**REQUIREMENT:**
Pictures excluded, reproduce exactly the lines below from the one with "DIE ÖSTERREICHISCH-UNGARISCHE MONARCHIE" through the one with "CandyMan Lace Thongs", both included.

**THE DATA:**
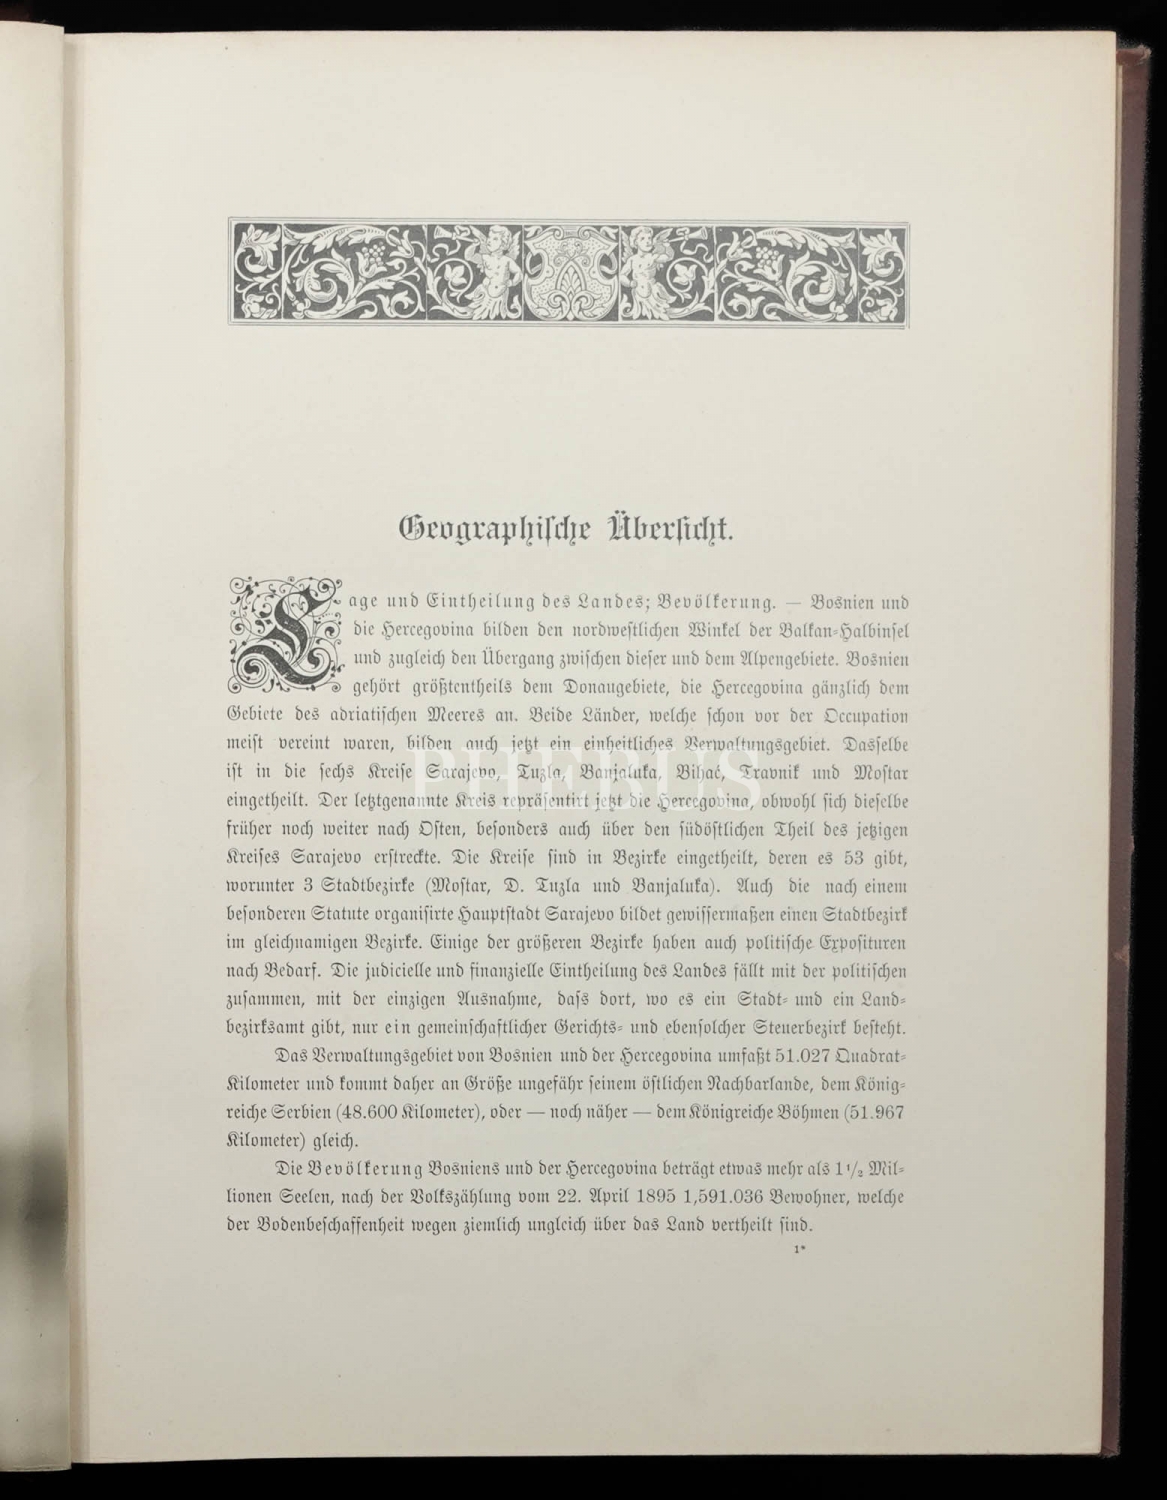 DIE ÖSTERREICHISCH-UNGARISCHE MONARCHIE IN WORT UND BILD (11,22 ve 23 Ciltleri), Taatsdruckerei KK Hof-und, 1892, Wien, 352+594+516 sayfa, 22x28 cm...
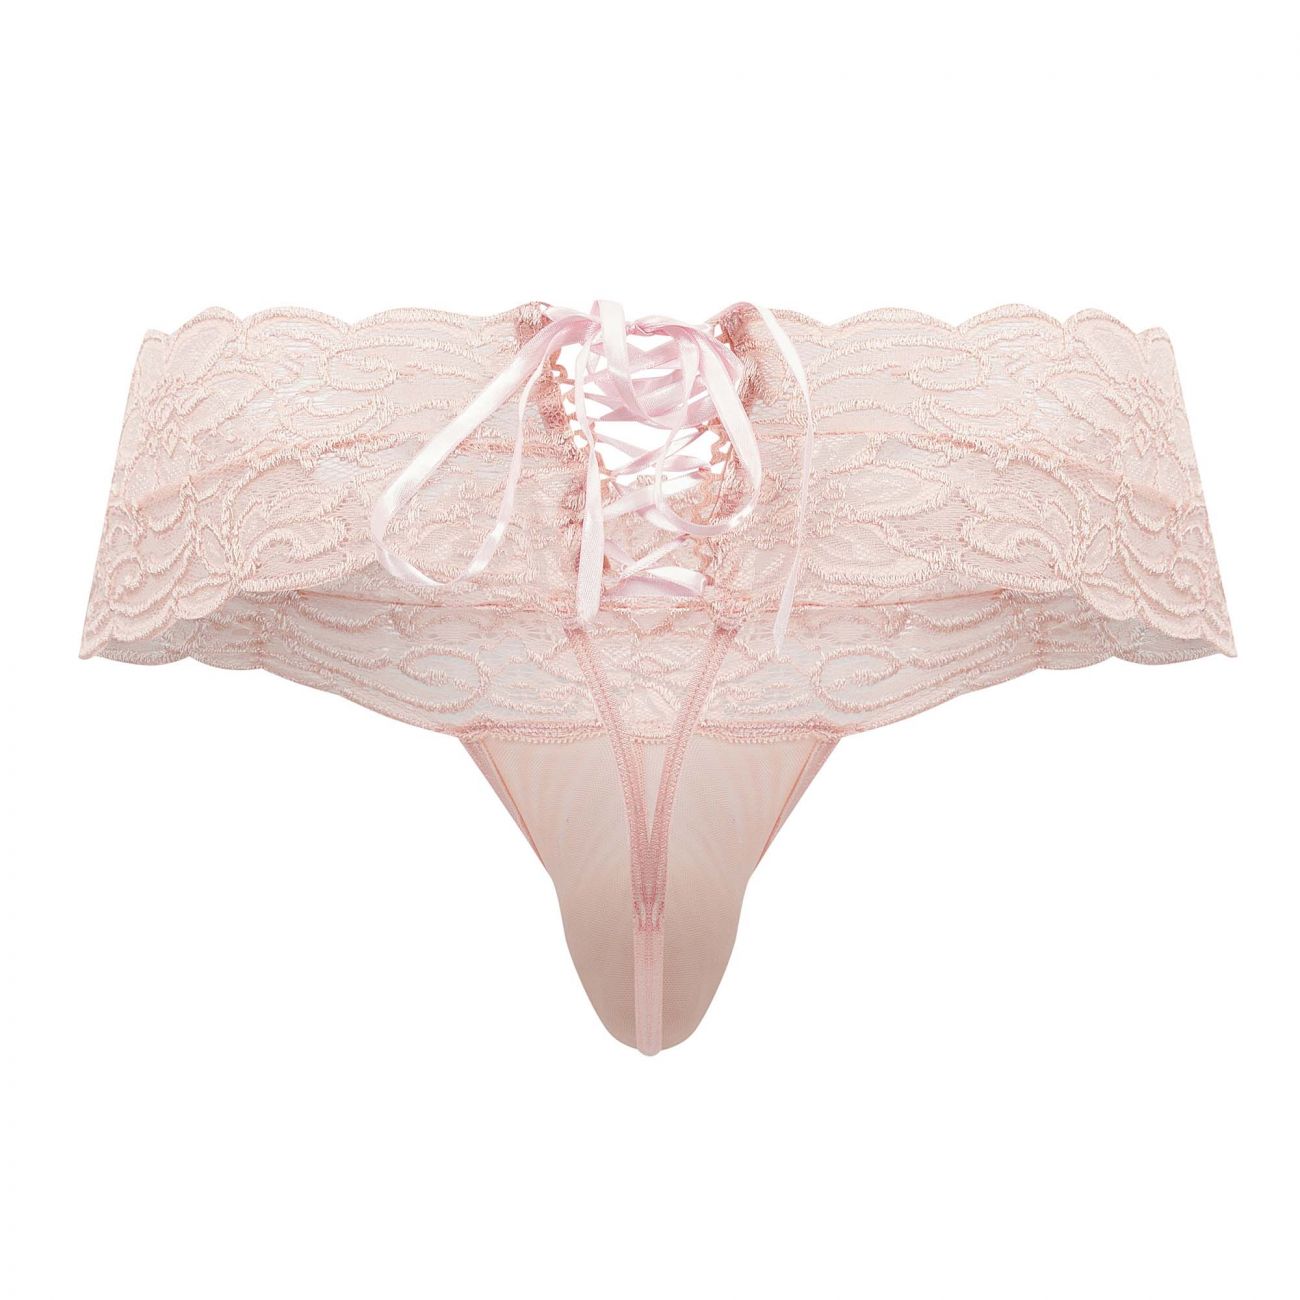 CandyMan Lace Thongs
--
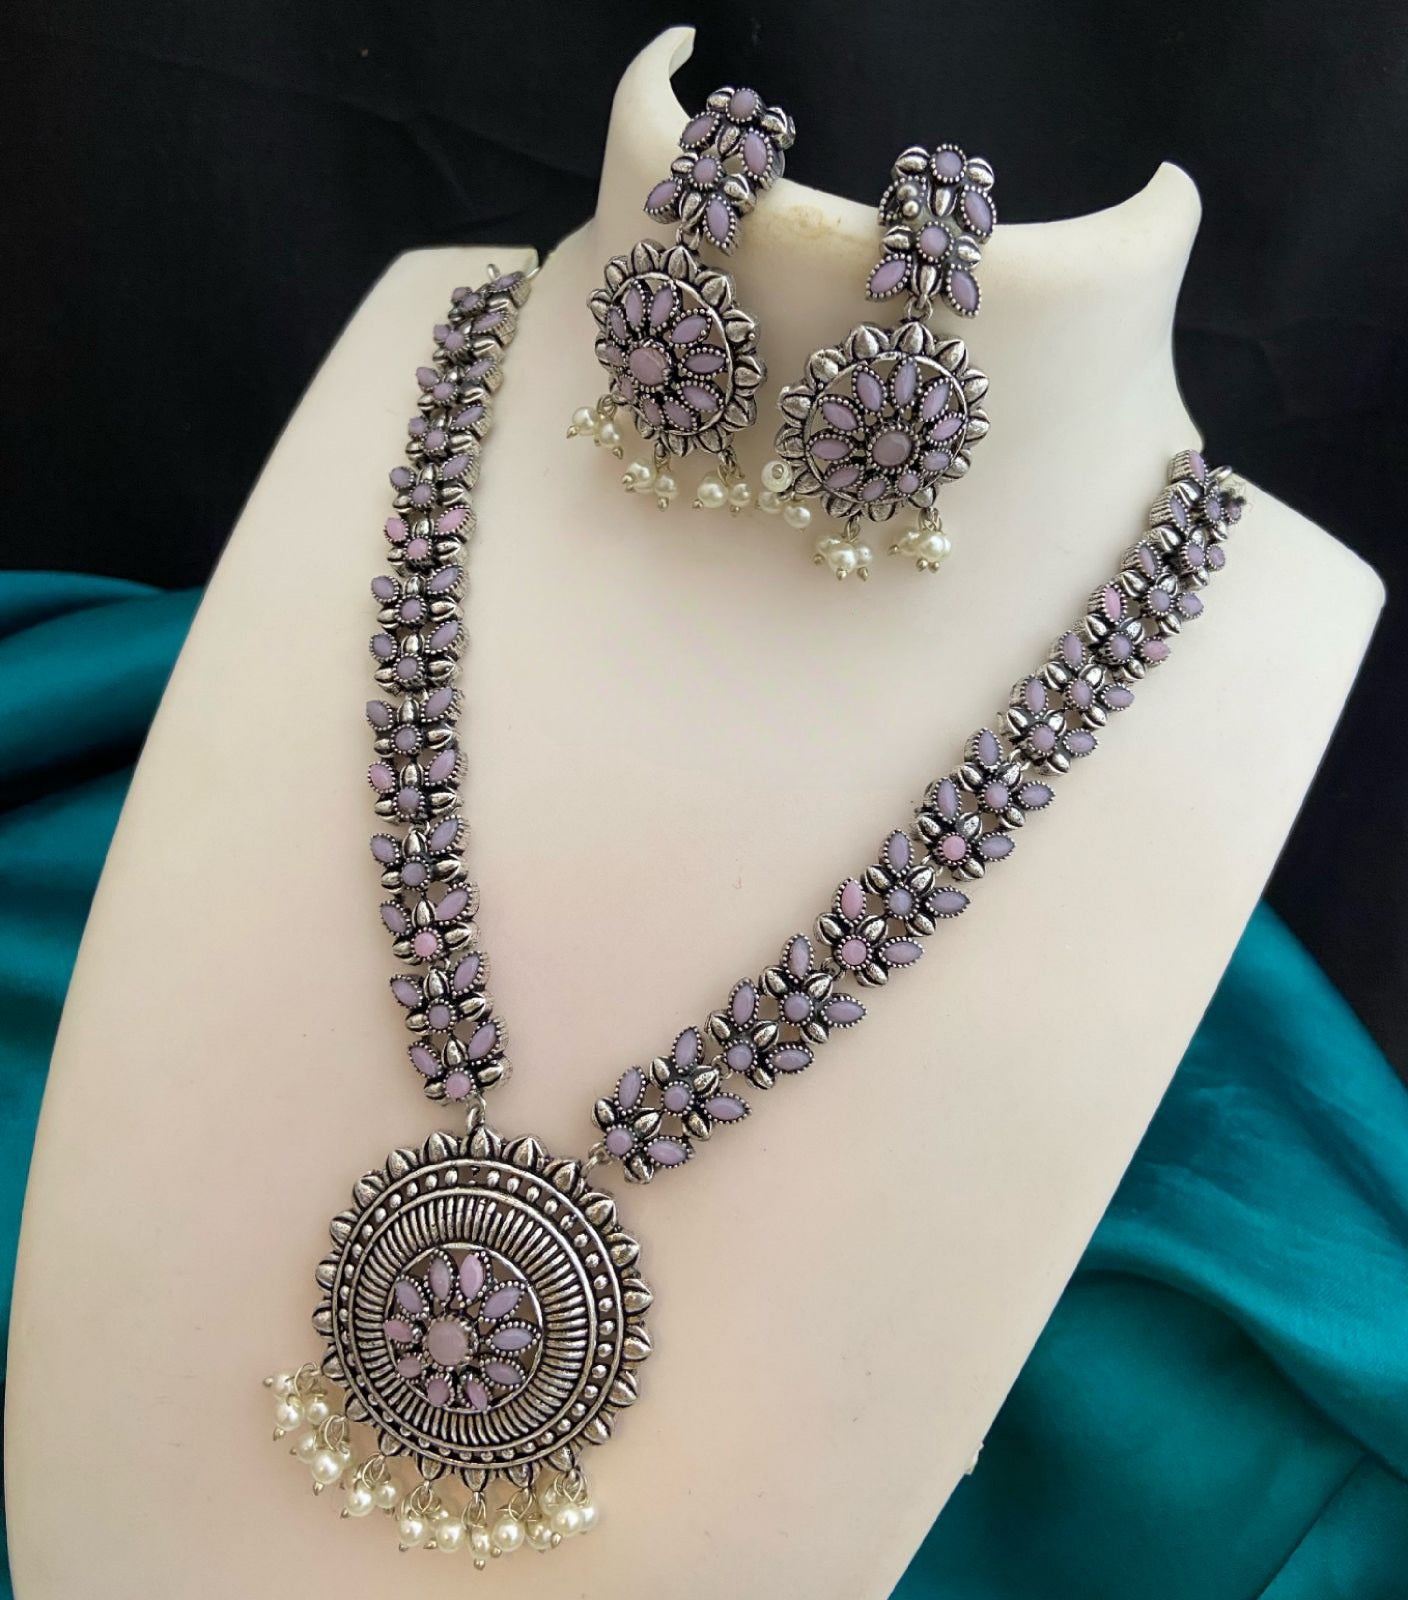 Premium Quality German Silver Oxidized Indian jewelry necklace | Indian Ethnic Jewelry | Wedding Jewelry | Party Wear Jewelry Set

**REPLY:**
 DIE ÖSTERREICHISCH-UNGARISCHE MONARCHIE IN WORT UND BILD (11,22 ve 23 Ciltleri), Taatsdruckerei KK Hof-und, 1892, Wien, 352+594+516 sayfa, 22x28 cm...
 CandyMan Lace Thongs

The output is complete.